Снимают с правой руки Костиной наручник, набирает он Данин номер с тремя нулями на конце и просит секретаршу срочно соединить с главным редактором по личному вопросу. В трубке голос Даниила.
– Здорово, дружище, звоню из столицы российского государства, славного града Москва, которым все так нынче восхищаются, – начинает намеренно выспренно.
– О, привет, чего так торжественно?
– Есть на то веские причины. Слушай архивнимательно. – И уже другим тоном, соответствующим ситуации: – Я попал в переделку. Меня похитили. Требуют выкуп, миллион баксов. Говорю от них. Какие, к черту, шутки, слушай и не перебивай. Дине, упаси бог, пока ничего не говори, скажи, мол, отец бизнес покупает, нужны наличные деньги. Придумай что-нибудь, почему не звоню сам. Только попроси срочно снять деньги со счета. Дине покамест ни слова, умоляю!
– Костя, я могу говорить открыто? Нас не слушают? – голос друга дрожит, вибрирует.
– Полагаю, нет.
Я немедленно свяжусь с Фэ-Бэ-Эр и сообщу о твоем похищении. У них контора в Москве, пускай вместе с русскими ищут. Это тебе не навредит?
– Мне в моем положении ничего уже навредить не может.
Понял. Начинаю действовать. Энимал выдергивает мобильник:
– Хватит. Завтра позвонишь опять.
К вечеру просится Костя в туалет. Энимал Зайцу команду дает – проводи. Все у них продумано: ведет Заяц Костю в чулан.
Ссы в ведро, Американец. А срать захочешь, выйдем во двор. Теплого гальюна в доме нет, извини.
Туалет гальюном обычно моряки называют. Провожатый его, видать, на флоте служил – недаром якорь вытатуирован на правой руке ниже локтя.

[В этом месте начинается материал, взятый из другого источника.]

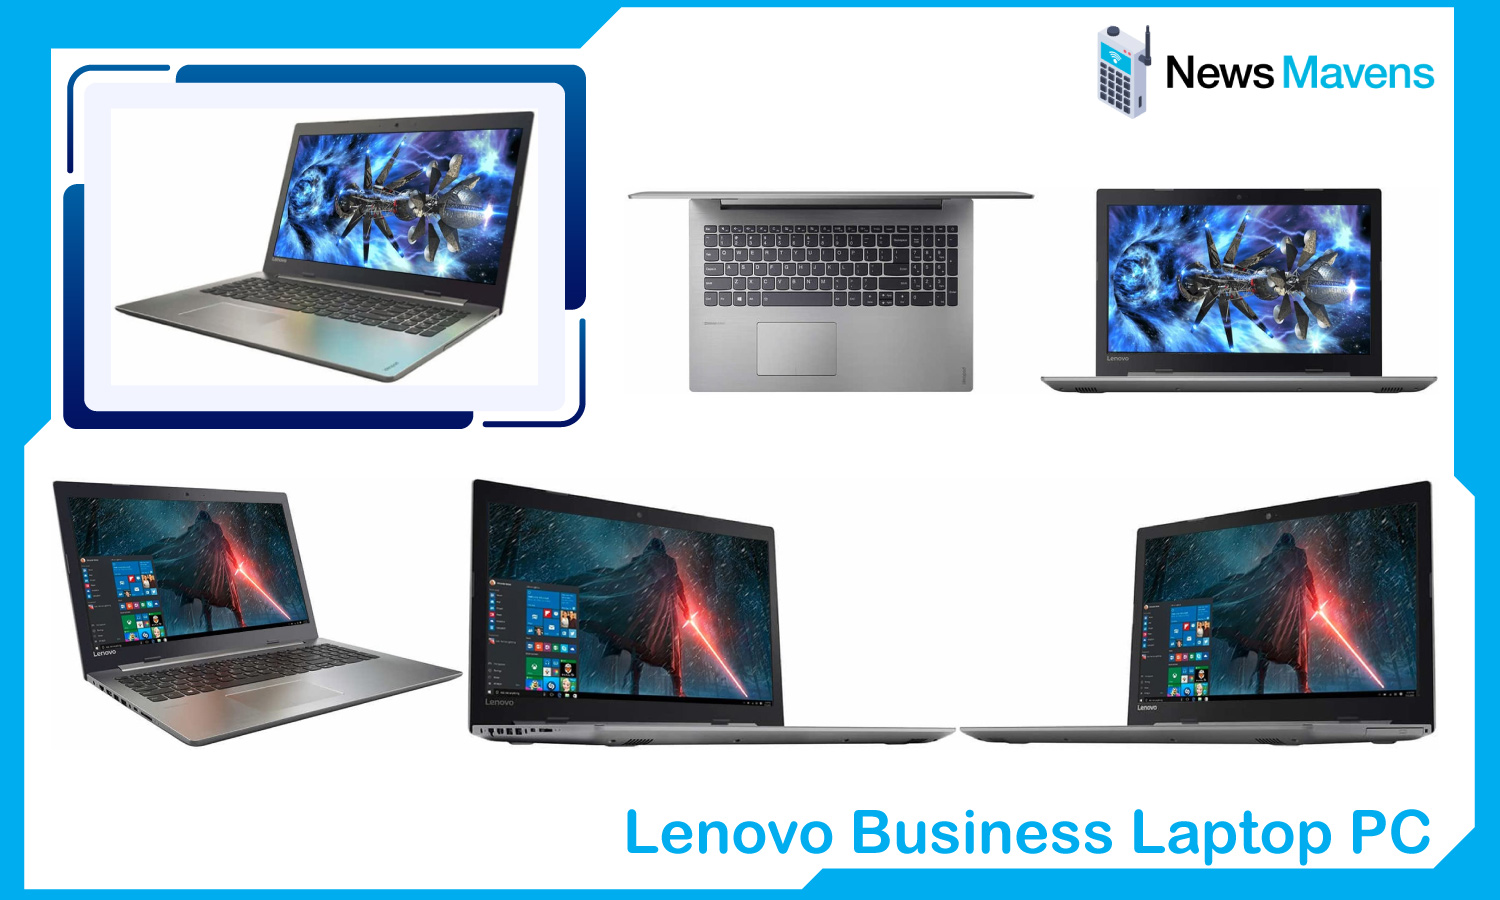 2018 Lenovo Business Laptop PC

Ну и что даст тебе эта информация, дорогой Костя, спрашивает себя и головой качает: ничего не даст.
Отношения его с бандюками пока вполне нормально складываются: не угрожают, не бьют, даже кормят – два бутерброда с вареной колбасой и спитой чай. И таблетки приносят по его просьбе. Лыбятся: валяй, Американец, глотай пилюли, ты нам здоровенький нужен. Пока нужен, Энимал многозначительно добавляет.
Вновь вспоминает Костя утро злосчастного дня, цепочку случайностей: и про связь, почему-то оборвавшуюся, и про таблетки, и про паспорт; каждый божий день с любым человеком подобное происходит и забывается бесследно, придаешь значение этому лишь тогда, когда случается что-то, тогда видишь во всех этих мелочах предзнаменование, знак некий, посланный свыше, однако не понятый, не прочувствованный.

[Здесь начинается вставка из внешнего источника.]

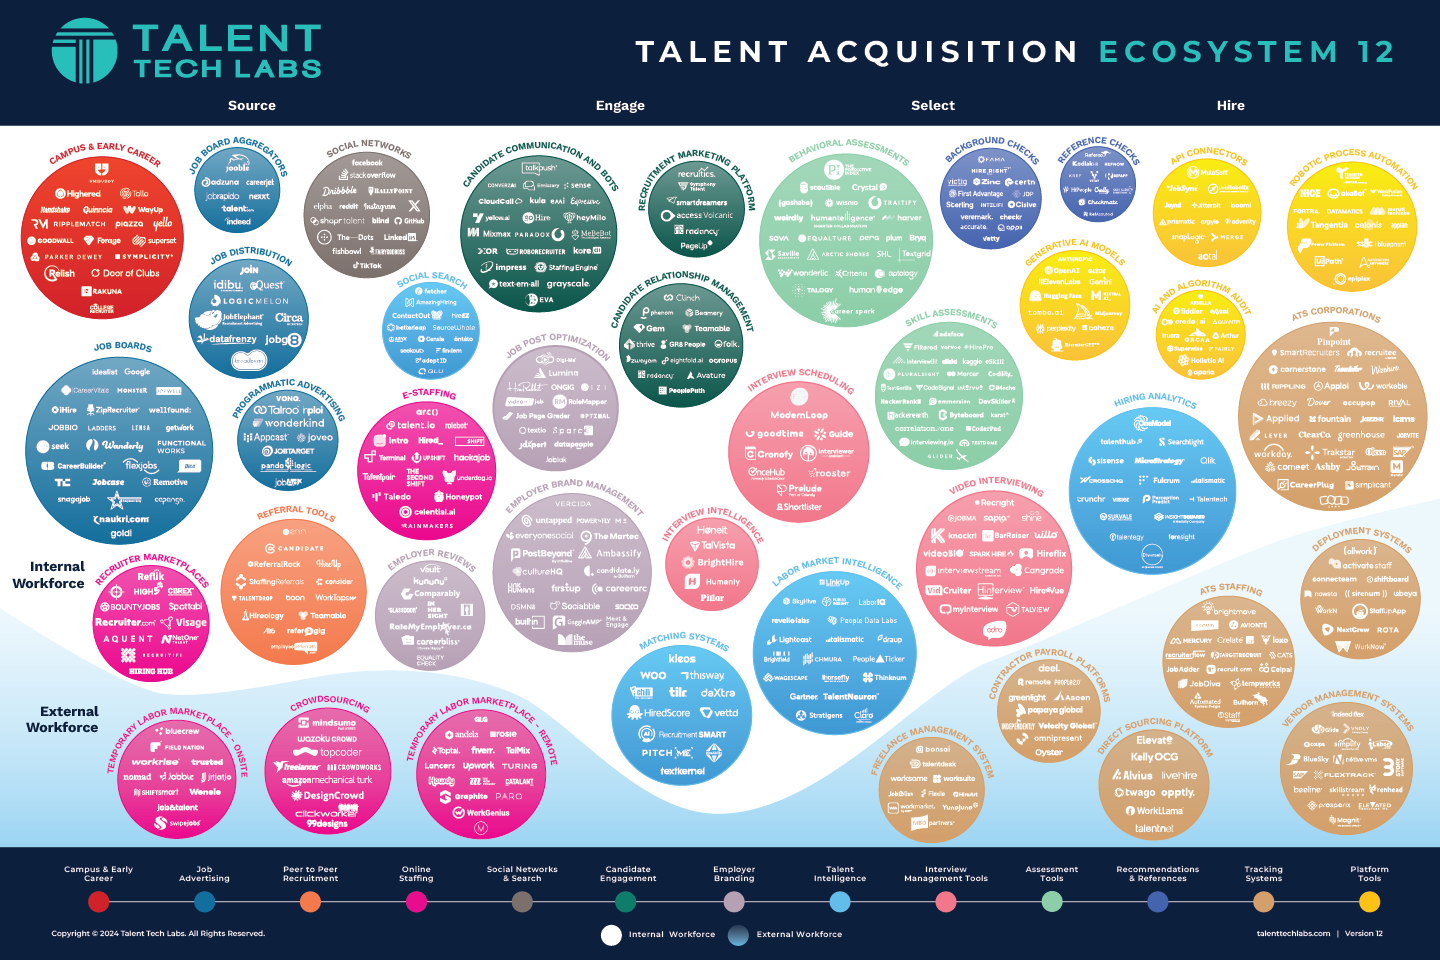 Talent Tech Labs' Talent Acquisition Ecosystem 12 Infographic

На ночь приковывают Костю к кровати и оставляют одного, кинув дерюжку, чтобы укрылся. Ночь июльская, теплая, сквозь приоткрытое окно с линялыми занавесками в цветочек запахи проникают, шорохи доносятся, потрескивания, мышь где-то шебуршит, но ни гула машин, ни голосов отдаленных, ни собачьей брехни, ни кошачьего любовного стенания. На отшибе дом стоит, в стороне от дорог и жилья, поди обнаружь. И выглядит дом, как Костя замечает, необжитым, запущенным. Может, пустовал поллета, пока гостя заморского не доставили в наручниках.

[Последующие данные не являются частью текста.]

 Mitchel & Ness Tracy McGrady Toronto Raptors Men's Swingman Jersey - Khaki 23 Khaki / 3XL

Сна нет, полудрема, лежать может на спине и правом боку, на левый повернуться браслет мешает; буравчиком мысли посверливают: сможет ли друг-редактор Дину убедить, ничего толком ей не рассказав, сколько придется маяться в заточении, а главное, оставят ли в живых после получения денег… Каких денег? Никто Дине снять такую сумму наличными не позволит, рассчитывать на это – обманывать себя и бандюков, не больно в этих делах смыслящих. Но долго водить их за нос не удастся.
Тихо в доме, спят бандюки. Эх, проволочку бы тонюсенькую, засунет ее Костя в отверстие наручника, повернет раз-другой, снимет металл ненавистный – и в окно. Только бы его и видели. Сползает осторожненько с кровати, скрипнувшей панцирной сеткой, ложится на пол, насколько наручник позволяет, шарить начинает левой рукой под кроватью – а вдруг бабеха какая обронила шпильку, булавку или заколку. Нет, на давно не метенном полу пусто, только слой пыли. Опять забирается на кровать, лежит в оцепенении. Неужто ничего придумать нельзя…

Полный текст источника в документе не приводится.